Same with actual fishing paraphernalia. As he pulls out a bag containing patiently labeled clear plastic boxes of flies overflowing with a host of nymphs, streamers, terrestrial flies and other such esoteric angling accoutrements, he’ll ask—in response to my raised eyebrows—“What? You don’t have a Double Bunny? I thought everyone fished with one of those.”

But the infuriating fact is that the boxes are more than just a collection of items that might make you a better fisherman. Schneider, once the editor of the state’s hunting and fishing magazine, “Montana Outdoors,” knows how to use this stuff, something each and every one of us would like to know.And so you endure, and you ask if you could borrow one, and then (humbly), “Come on Bill; show me how to use it. Please.”

That’s the way I’ve picked up a lot of information. In fact, for years I’ve been humbling myself across the nation, picking up bits and pieces from fishing fools (they’re all a bit supercilious), trying my best to become a good all-around fisherman. In my pursuits, I’ve learned a bit about bass, trout, walleye, sturgeon and even pike—angling. In fact, I’ve picked up a few of the accoutrements, and would like to highlight what I’ve learned and detail just how to use this information, drawing at times on memories I’ve had with some of these dedicated fishermen…

Perhaps at this juncture, I should mention that you can catch many species of fish using very simple techniques, and pike are one of those species. Several years ago in Alaska, my wife and I spent the summer living out of a wall tent, traveling from hole to hole in our johnboat. In one case, we were cruising the waters for pike and had made a 70-mile trip from Circle down the Yukon to Fort Yukon where this sprawling river also accepts the Porcupine. Over the course of a week, we then proceeded 400 miles up the Porcupine River. It was hard, hard work, but you know the cliché; “Someone has to do it.”

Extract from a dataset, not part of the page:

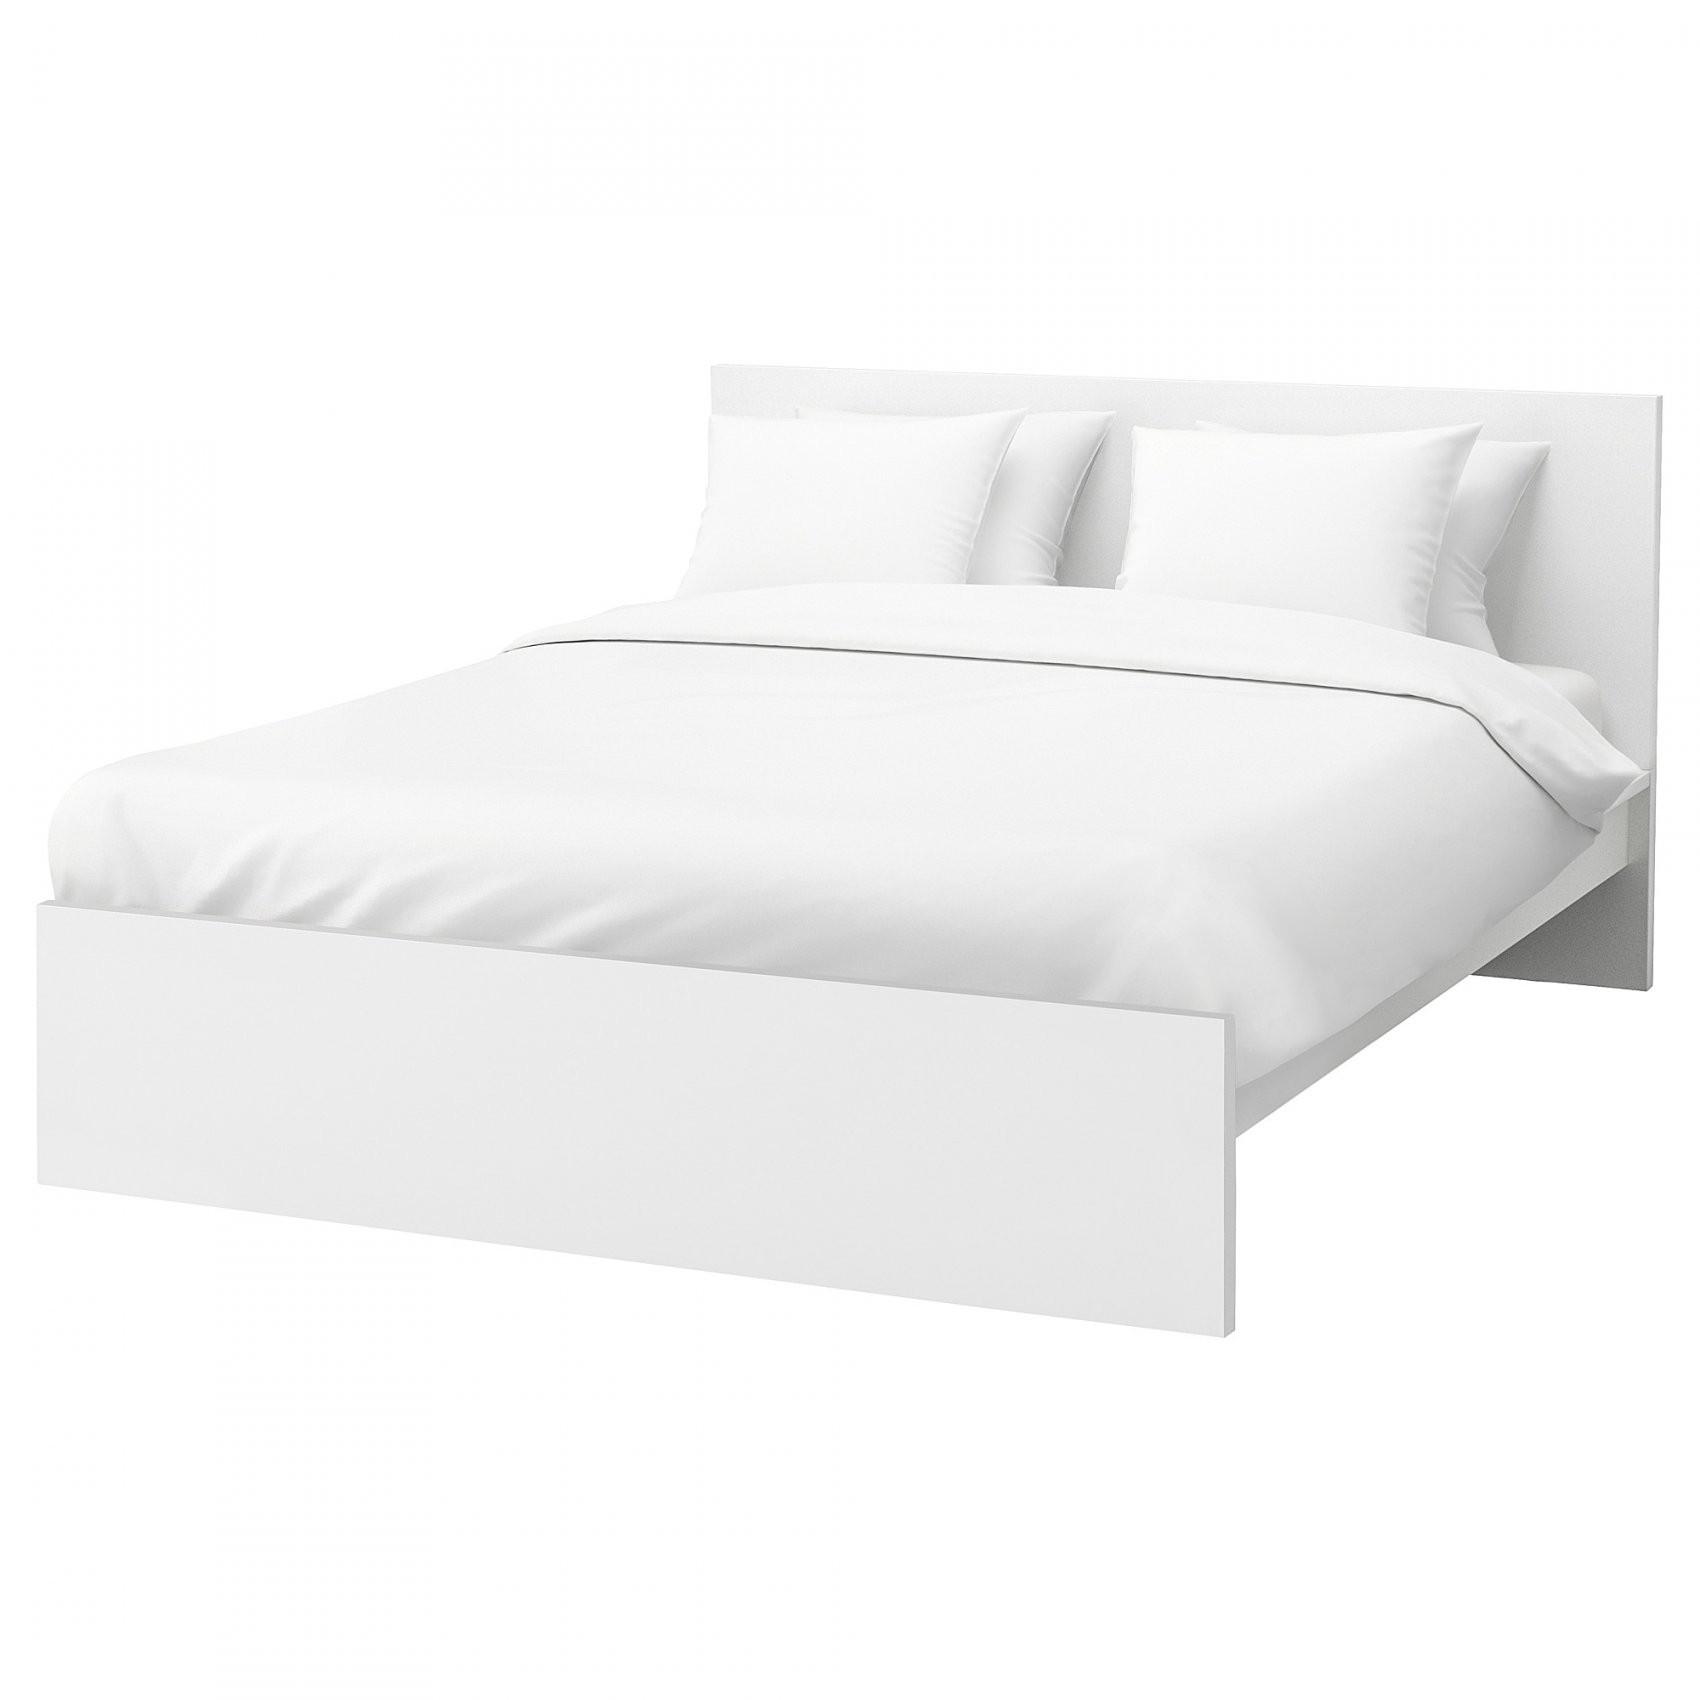 Malm Bettgestell Hoch  Weiß  Ikea von Ikea Bett Malm 140X200 Weiß Photo

Along the way we renewed acquaintances with a native friend, Duane James—and most assuredly, he is a fishing fool! His fishing gear, however, was—and still is—about as simple as you might get, and the incident serves to prove that you can get by very, very cheaply.

Duane was standing next to me and there I was, dapper in my Helly Hanson Hip Waders crowned with my Tilly Hat—and I was creating beautiful arcs with my line streaming out from an Orivs Rod.

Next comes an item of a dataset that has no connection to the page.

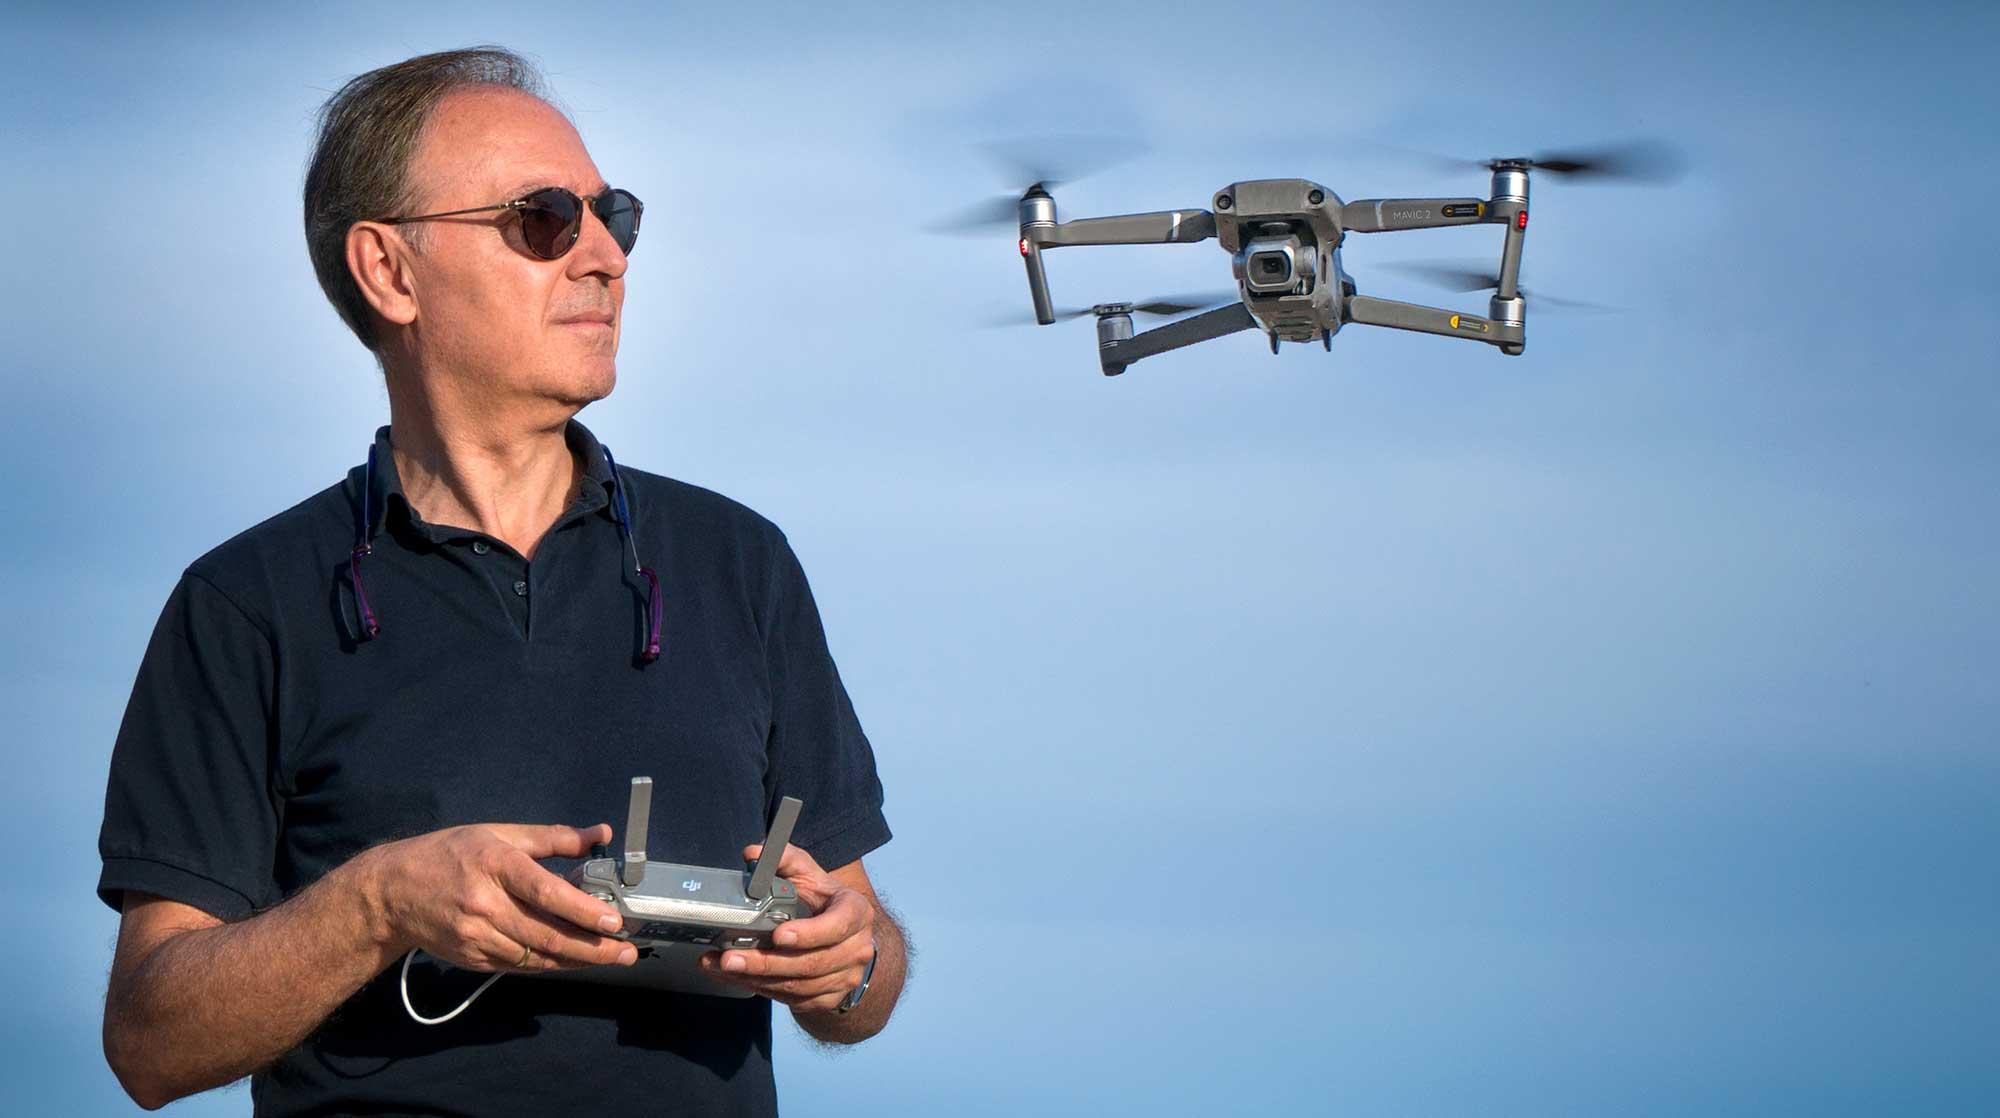 Miguel-Merino-volando-un-dron-dji-mavic-2-pro

My offering was a specially tied dragon fly nymph, and as I remember, both Duane and I were doing well. But confound it all, Duane was doing better, pulling out fish with almost every cast.

His gear?

Duane was using 20-pound line wrapped around a pop can. About the only thing we had in common were our lures—and the fact that we had both attached wire line to the end of our monofilament. If we wanted pike, we had to do that! After all, pike have sharp teeth, and they know how to use them for chomping through tough line, something fishermen should always remember when removing hooks. More than one person has required stitches following the slash of teeth from one of these tigers of the marsh.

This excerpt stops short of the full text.